◆ Exercise: Once you reach the line with "Shanaya Silk Reversible Quilt" below, copy each line exactly, stopping after the line with "Plus Size Satin", and skip any pictures.

◆ Records for processing:
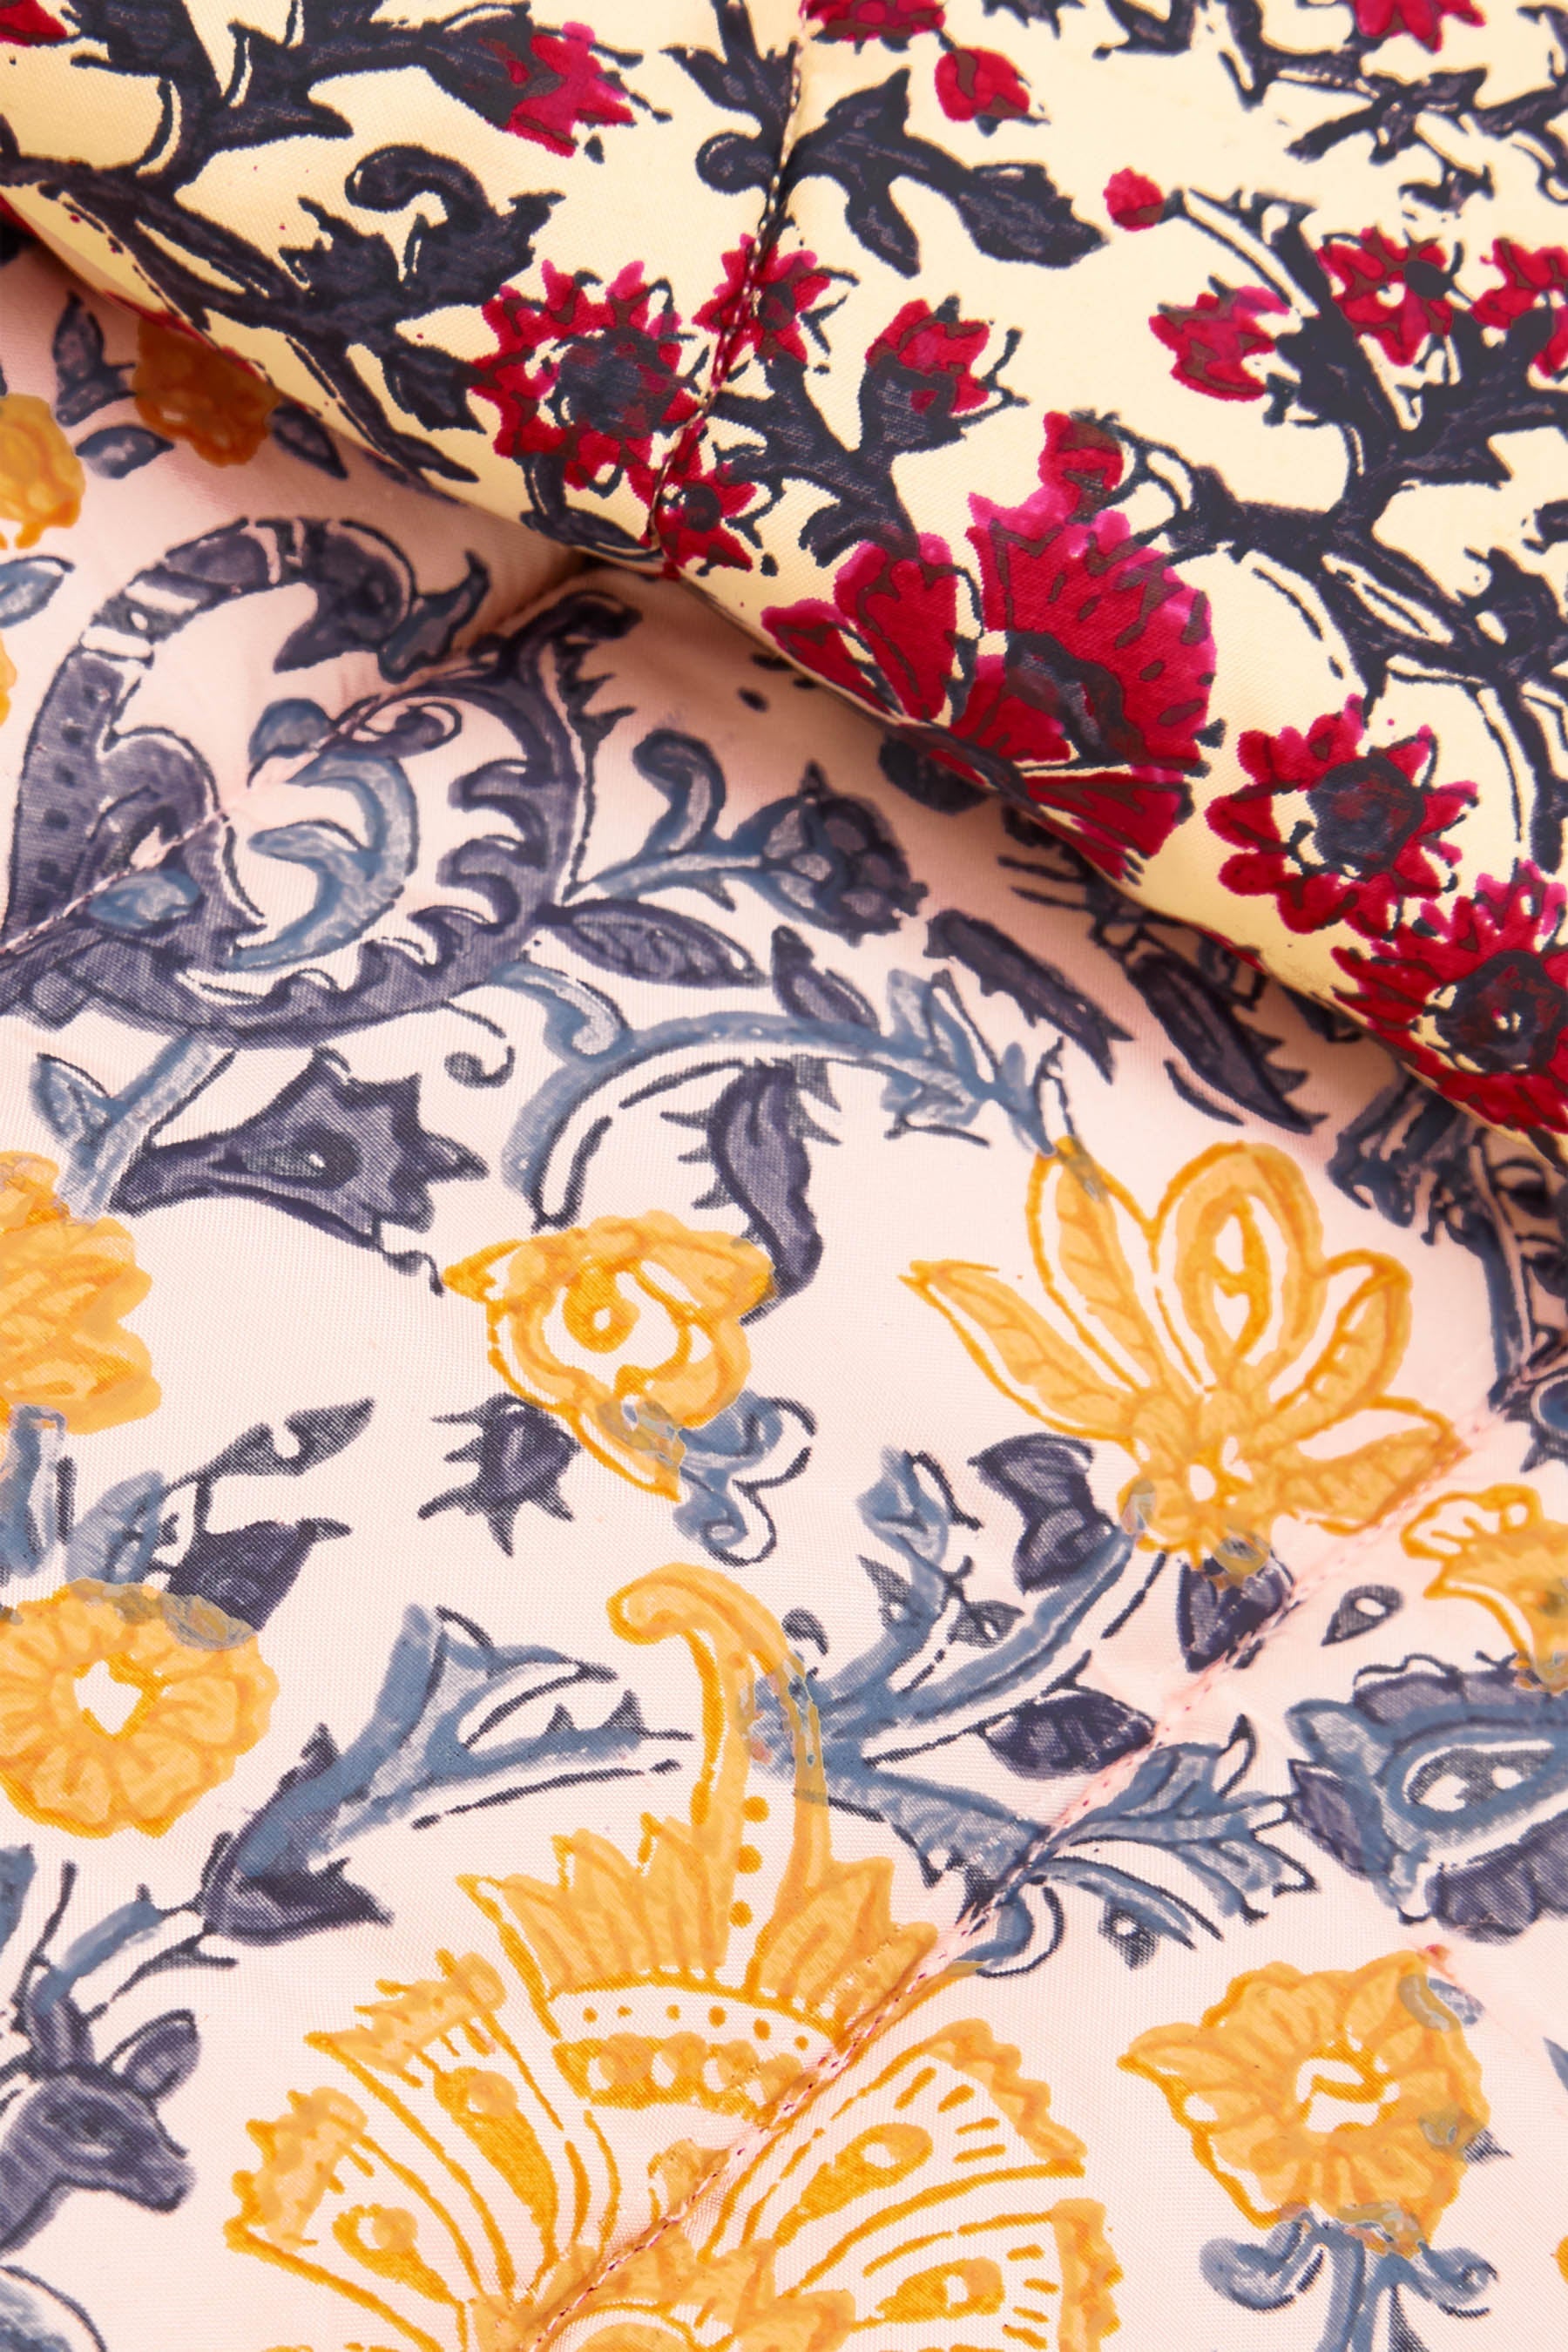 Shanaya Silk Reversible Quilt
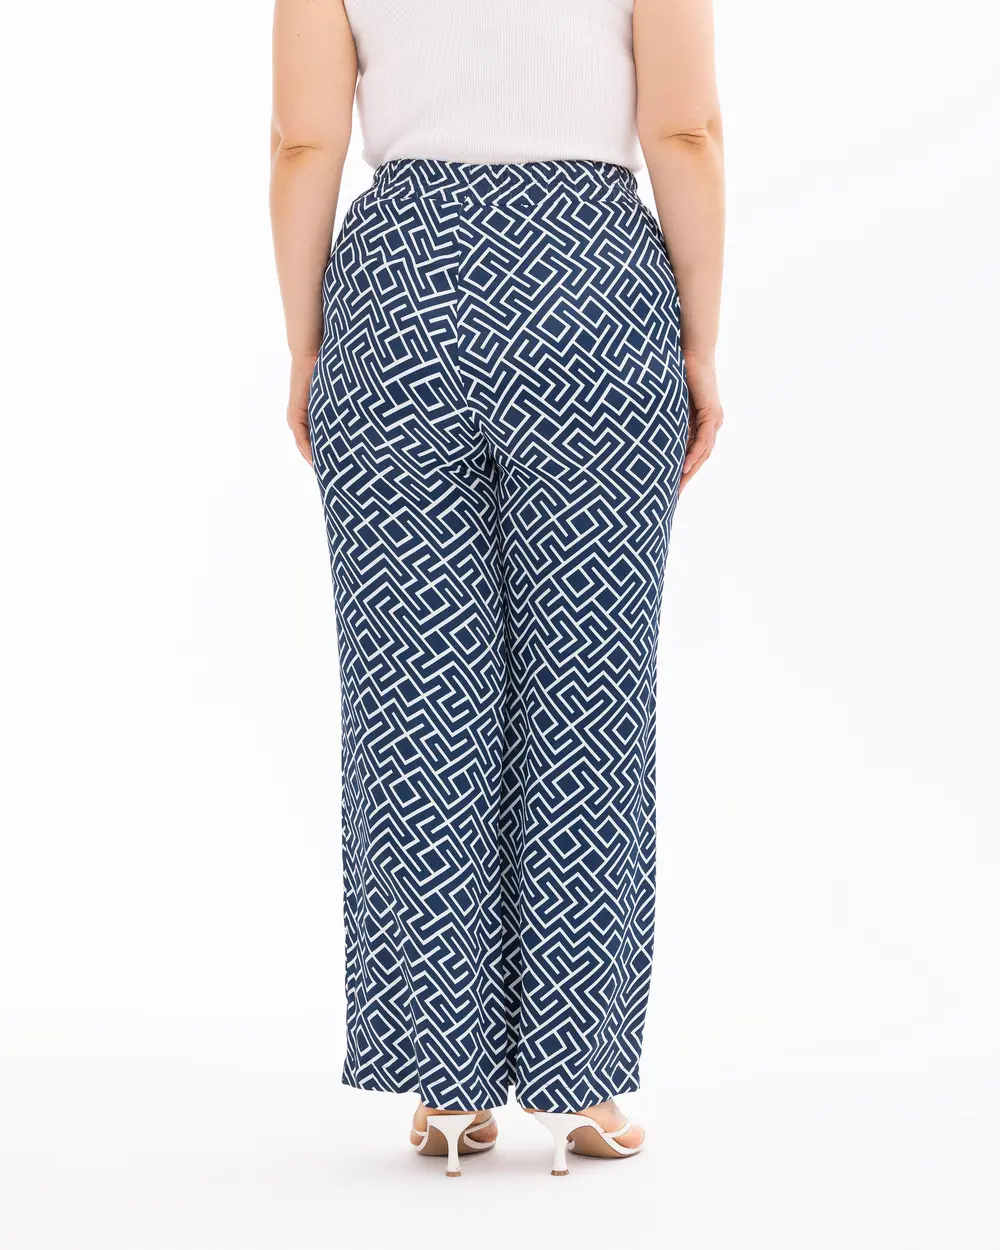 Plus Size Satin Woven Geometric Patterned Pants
---
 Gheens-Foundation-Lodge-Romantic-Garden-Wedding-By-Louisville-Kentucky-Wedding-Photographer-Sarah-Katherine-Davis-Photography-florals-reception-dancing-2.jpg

◆ Response to the task:
 Shanaya Silk Reversible Quilt
 Plus Size Satin Woven Geometric Patterned Pants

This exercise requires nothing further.